◆ THE TASK: Only the lines from the one containing "Milkshake Energizing Blend Shampoo Review" to the end of the entries should be written out, each exactly as it stands, both ends included.

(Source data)
== Segment start ==
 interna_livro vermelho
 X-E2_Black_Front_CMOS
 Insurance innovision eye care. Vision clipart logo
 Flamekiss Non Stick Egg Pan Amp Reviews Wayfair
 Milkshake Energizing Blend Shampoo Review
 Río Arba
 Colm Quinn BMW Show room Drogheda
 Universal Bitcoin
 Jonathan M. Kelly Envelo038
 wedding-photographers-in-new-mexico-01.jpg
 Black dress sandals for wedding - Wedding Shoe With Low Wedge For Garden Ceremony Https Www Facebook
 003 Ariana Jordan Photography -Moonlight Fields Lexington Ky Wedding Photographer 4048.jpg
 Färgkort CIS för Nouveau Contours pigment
== Segment end ==
◆ RESPONSE AREA:
 Milkshake Energizing Blend Shampoo Review
 Río Arba
 Colm Quinn BMW Show room Drogheda
 Universal Bitcoin
 Jonathan M. Kelly Envelo038
 wedding-photographers-in-new-mexico-01.jpg
 Black dress sandals for wedding - Wedding Shoe With Low Wedge For Garden Ceremony Https Www Facebook
 003 Ariana Jordan Photography -Moonlight Fields Lexington Ky Wedding Photographer 4048.jpg
 Färgkort CIS för Nouveau Contours pigment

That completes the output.